La Francophonie retourne à l’Afrique
La ministre rwandaise des Affaires étrangères, Louise Mushikiwabo, a été désignée vendredi 12 octobre secrétaire générale de l’Organisation internationale de la Francophonie (OIF) pour un mandat de quatre ans. Retour sur plusieurs mois de tractations diplomatiques entre le Rwanda, la France, l’Union africaine et le Canada.
De rencontres en interviews, ce sont toujours les mêmes questions qui reviennent : qu’est-ce que l’Organisation internationale de la Francophonie (OIF) ? Pour quoi a-t-on besoin d’une institution ? À quoi celle-ci peut-elle bien servir ? Le prochain sommet de la Francophonie s’ouvrira le 11 octobre à Erevan, en Arménie, et c’est parce que l’on peine parfois à répondre à ces questions et qu’à chaque fois le malaise le dispute au scepticisme qu’il est urgent de repenser la Francophonie.
L’histoire n’a-t-elle pas montré que, sans le soutien des peuples, les institutions intergouvernementales étaient condamnées ? La Société des nations (SDN), l’Union latine, la Confédération sénégambienne n’en ont-elles pas toutes fait l’expérience ? Parce qu’au fond, la question est la suivante : si une institution ne sert à rien, pourquoi s’émouvoir de sa disparition ?
Dans les décombres de la colonisation nous avons trouvé cet outil merveilleux : la langue française
La Francophonie, c’est vous, lecteurs de la presse francophone, c’est nous, économistes, historiens ou chercheurs d’autres sciences humaines et sociales. La Francophonie, ce sont 250 millions de personnes réparties sur cinq continents, ayant en partage ce Français qui nous permet d’échanger, de communiquer, de faire des affaires et de nous aimer. La Francophonie, c’est une langue bien avant d’être une institution.
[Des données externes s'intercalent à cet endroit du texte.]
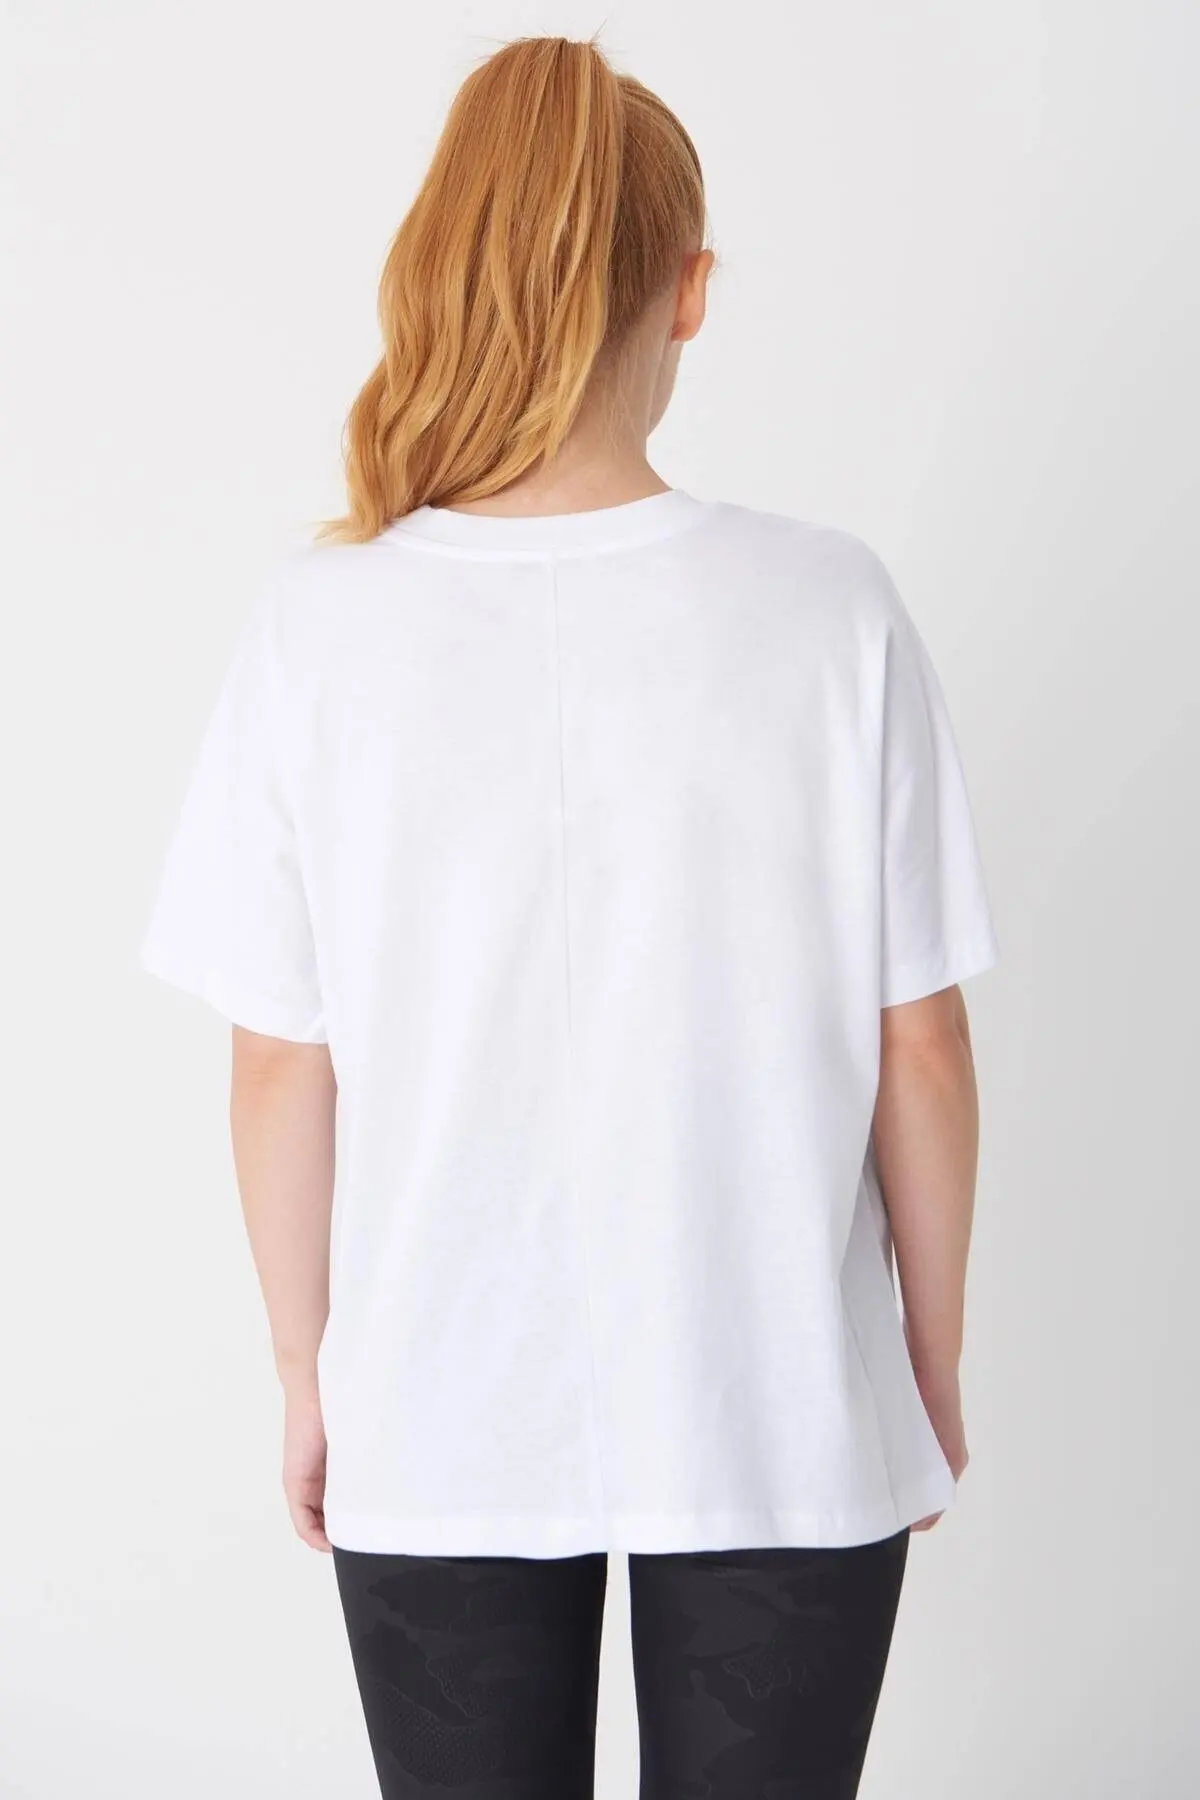 تیشرت اور سایز یقه گرد زنانه سفید برند Addax

>>> À LIRE – [Editorial] Pourquoi la Francophonie a besoin de l’Afrique
« Dans les décombres de la colonisation nous avons trouvé cet outil merveilleux : la langue française », écrivait Léopold Sédar Senghor, premier président du Sénégal et père fondateur de la Francophonie. La francophonie, nous l’expérimentons au quotidien, en dehors de l’institution, y compris avec des pays qui ne sont pas membres de l’OIF – c’est le cas de nos amis Algériens par exemple.
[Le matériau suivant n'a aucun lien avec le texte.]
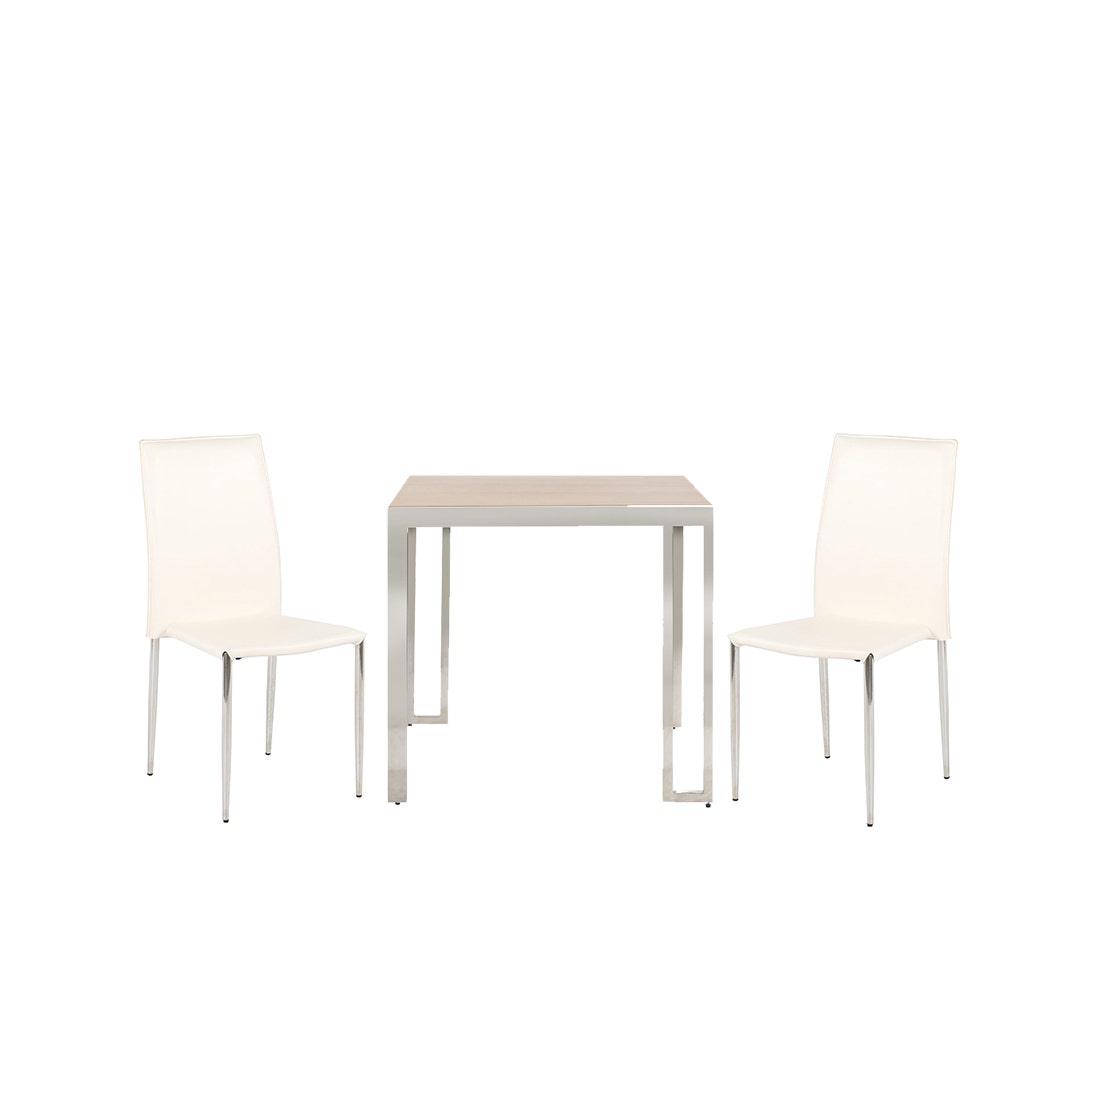 ชุดโต๊ะอาหาร รุ่น Montis & เก้าอี้ Yinta สีขาว

La Francophonie institutionnelle, qui est devenue un instrument de la diplomatie et, partant, de négociations souterraines, doit renouer avec ses fondamentaux et servir à renforcer les passerelles entre les peuples, créer les conditions de synergies communes et favoriser l’éclosion de projets à forte valeur ajoutée.
Il ne s’agit pas d’une défense rabougrie du français ou des intérêts de la France, mais bien de considérer que cette langue que nous avons en partage est un liant par-delà les frontières et les territoires.
Dans un contexte où le multilatéralisme ne cesse d’être bafoué sur l’autel du retour des nationalismes, le rappel de valeurs fondamentales comme la fraternité doit donner du sens à l’action. La coopération, la co-construction de projets apurés de toute asymétrie, dans un souci d’égalité, doit être une exigence quotidienne. Et c’est au nom de ces valeurs que nous en appelons à une francophonie des peuples, où chacun d’entre nous pourra trouver sa place.
À cet égard, dans une note publiée le 20 septembre dernier par la Fondation Jean Jaurès (« Pour une Francophonie de l’action »), nous avons développé des propositions autour de quatre axes : faire communauté ; adopter une vision culturelle ambitieuse ; valoriser la pertinence du développement économique en francophonie et réformer l’action politique de l’organisation.
Ces quatre axes ont en commun le goût de l’avenir et doivent favoriser la circulation des biens et des personnes via des programmes comme l’Erasmus francophone, les visas francophones, la promotion de jeunes talents prometteurs et ambassadeurs de la francophonie, ou encore la circulation d’expositions inter-musées.
>>> À LIRE – Francophonie : deux femmes dans l’arène à Erevan
Il nous faut être créatifs et novateurs, en osant par exemple créer une académie francophone (et pourquoi pas une Académie Monde, dans le sillage des réflexions des intellectuels et écrivains !), un fonds d’investissement dédié ou même une cellule de veille prospective.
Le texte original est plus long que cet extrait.